[Task directions]: Reproduce the whole listing that follows, character for character, and drop the images.
═══ Raw data ═══
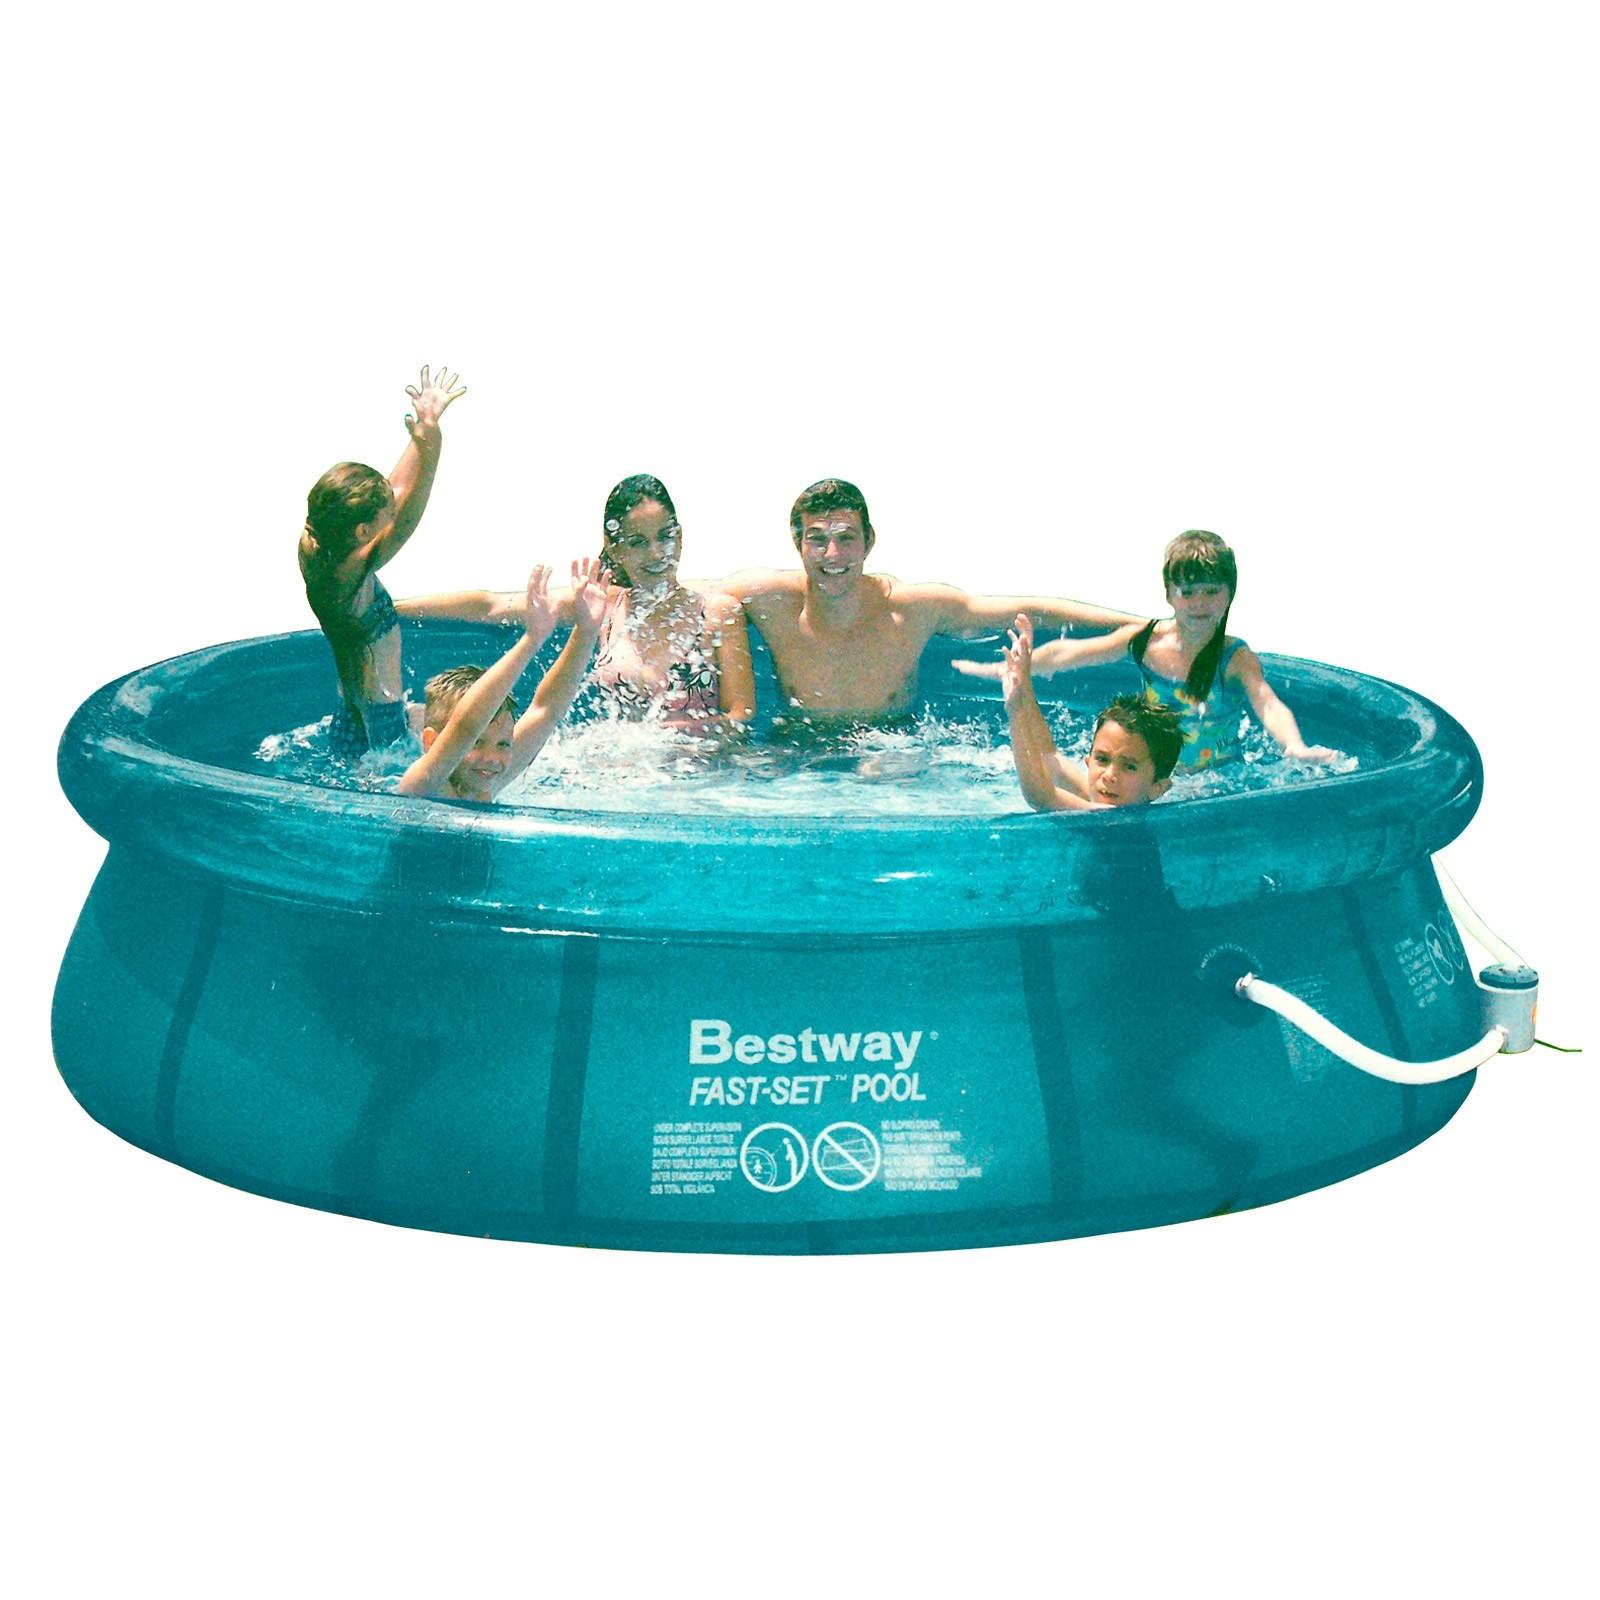 Bestway swimmingpool aufstellpool pool gartenpool set 4x2m for Gartenpool angebote
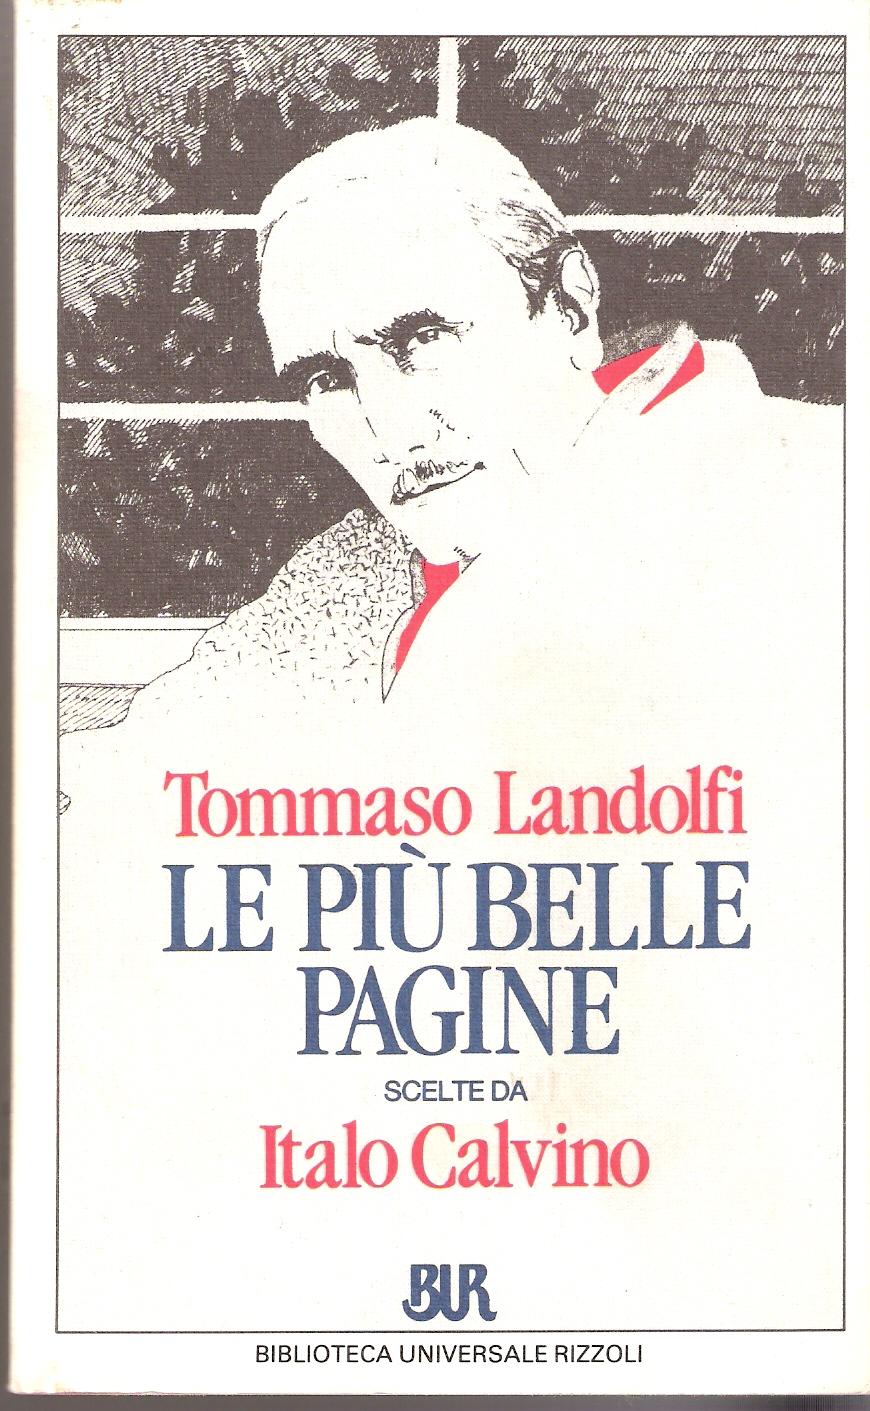 Le più belle pagine scelte da Italo Calvino
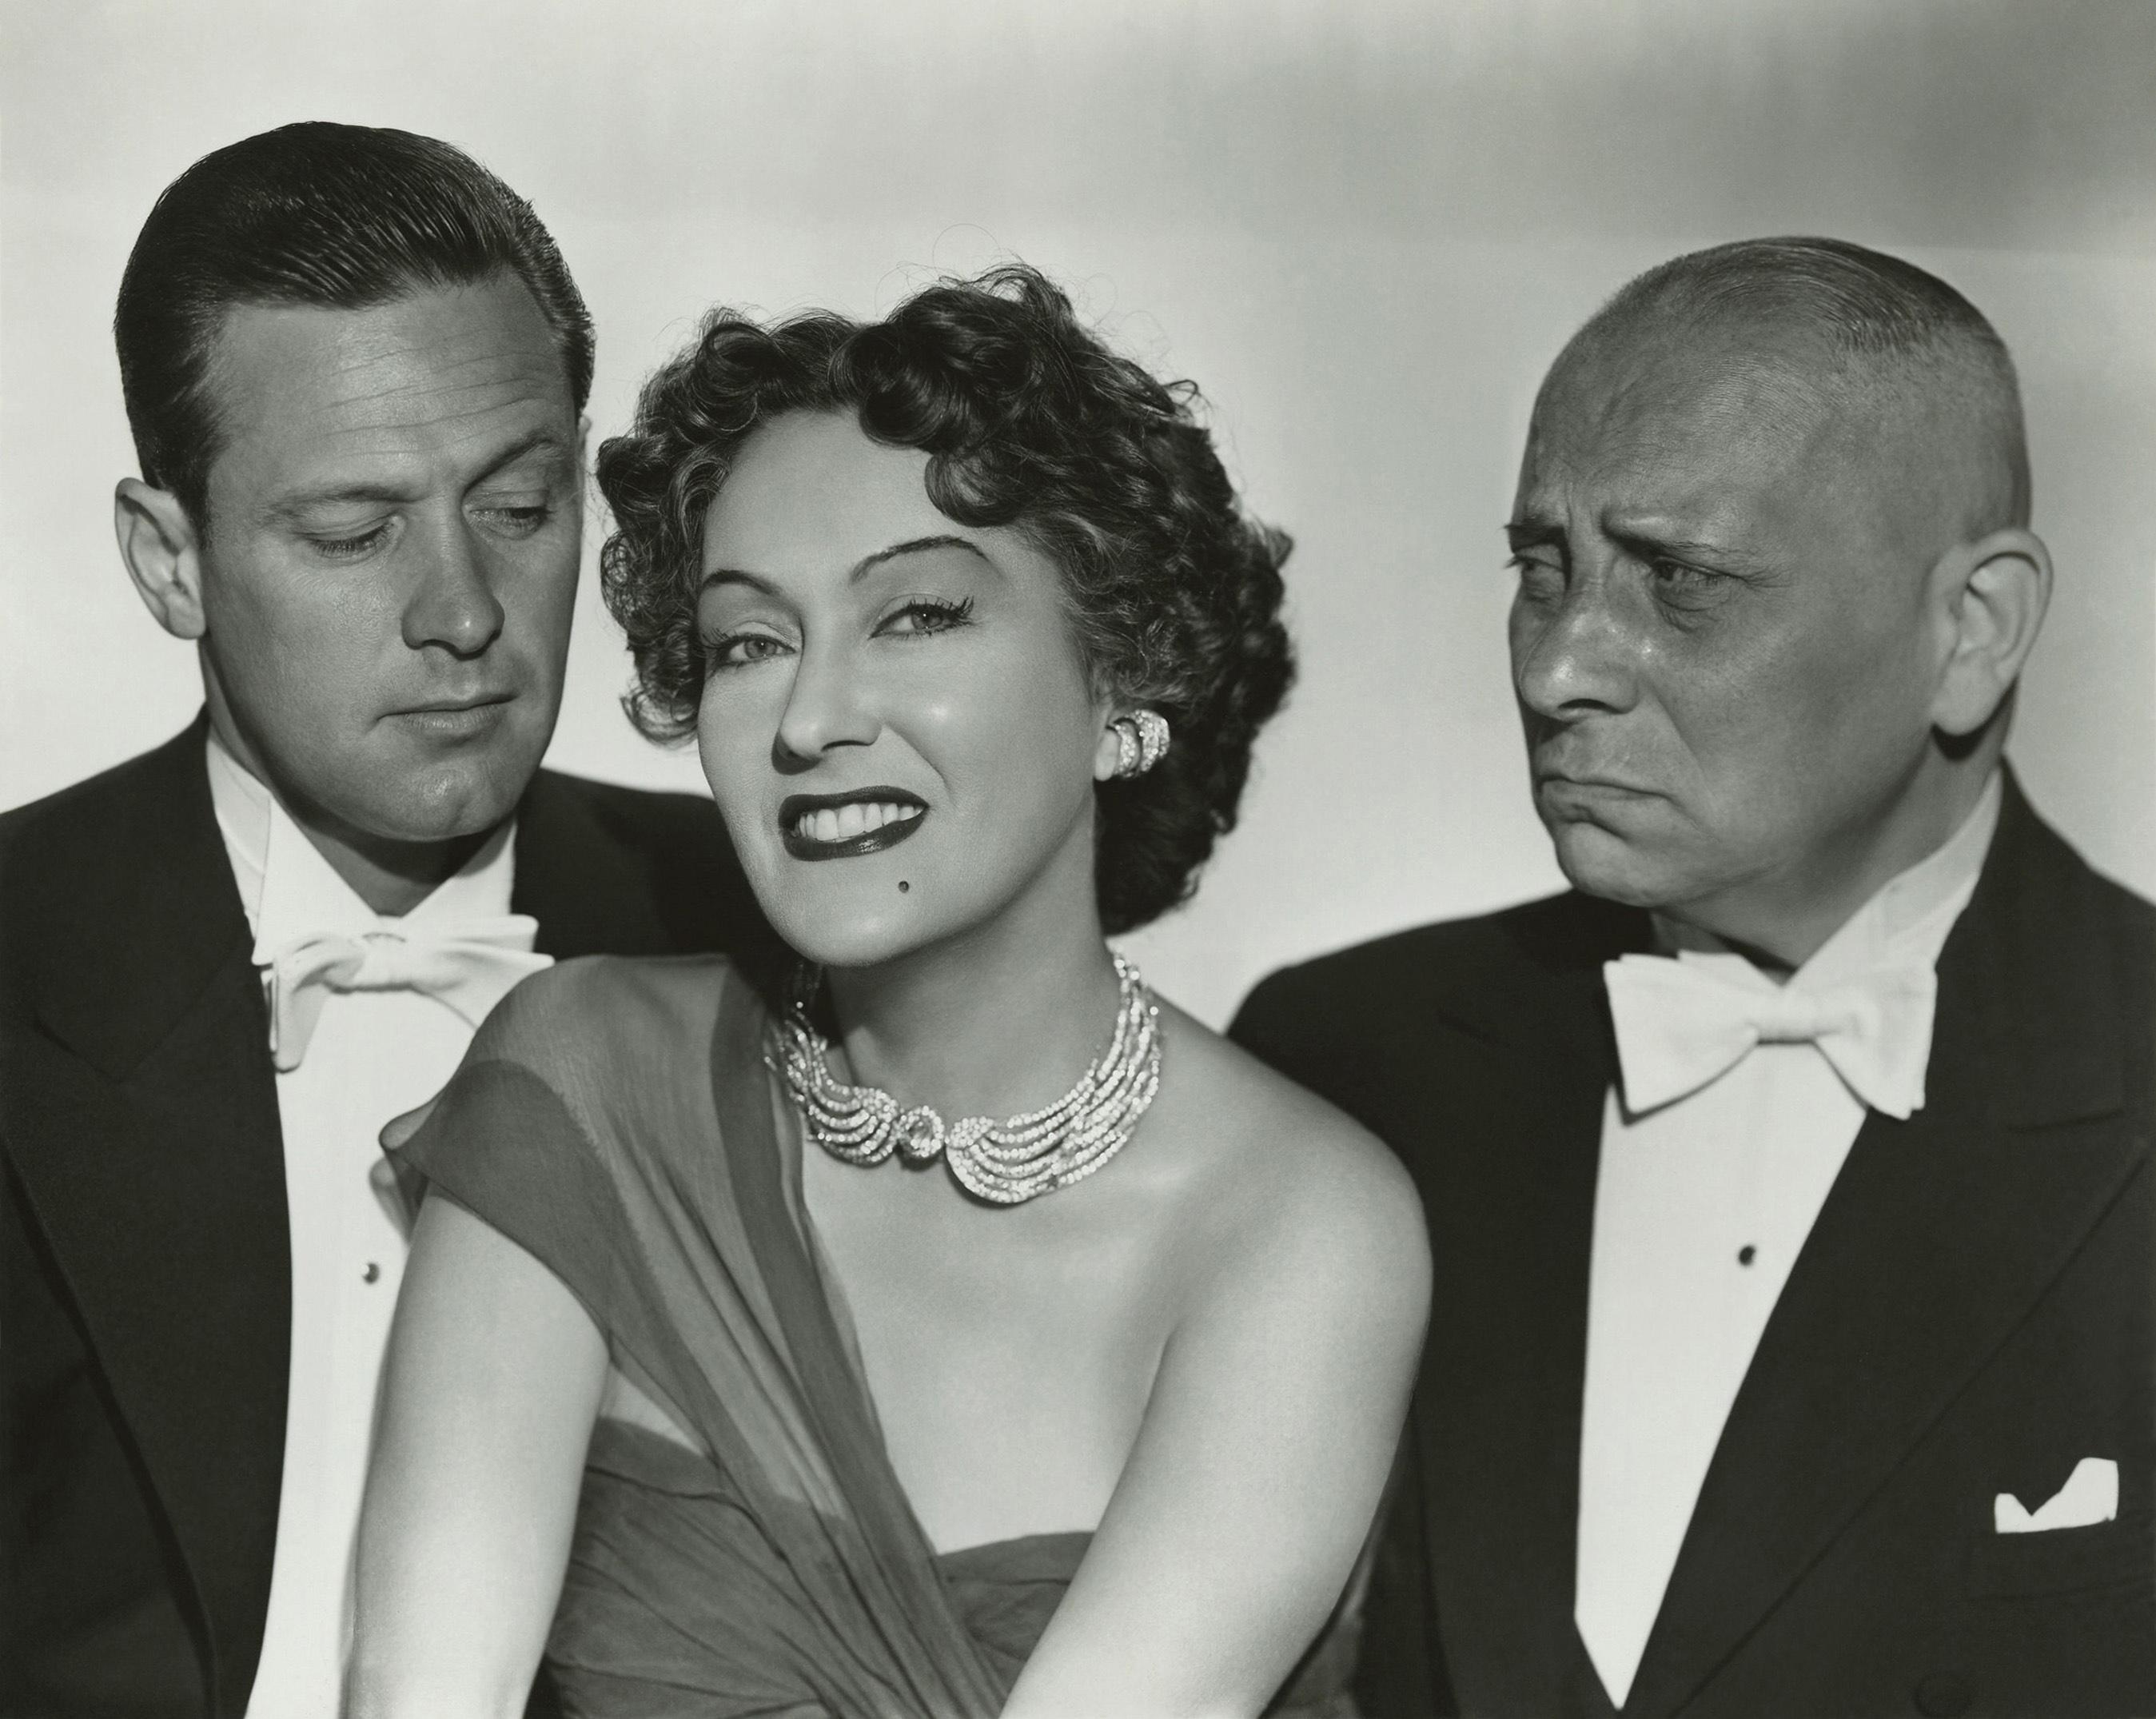 (L to R) William Holden, Gloria Swanson, Erich von Stroheim
═══
[Task answer]:
 Bestway swimmingpool aufstellpool pool gartenpool set 4x2m for Gartenpool angebote
 Le più belle pagine scelte da Italo Calvino
 (L to R) William Holden, Gloria Swanson, Erich von Stroheim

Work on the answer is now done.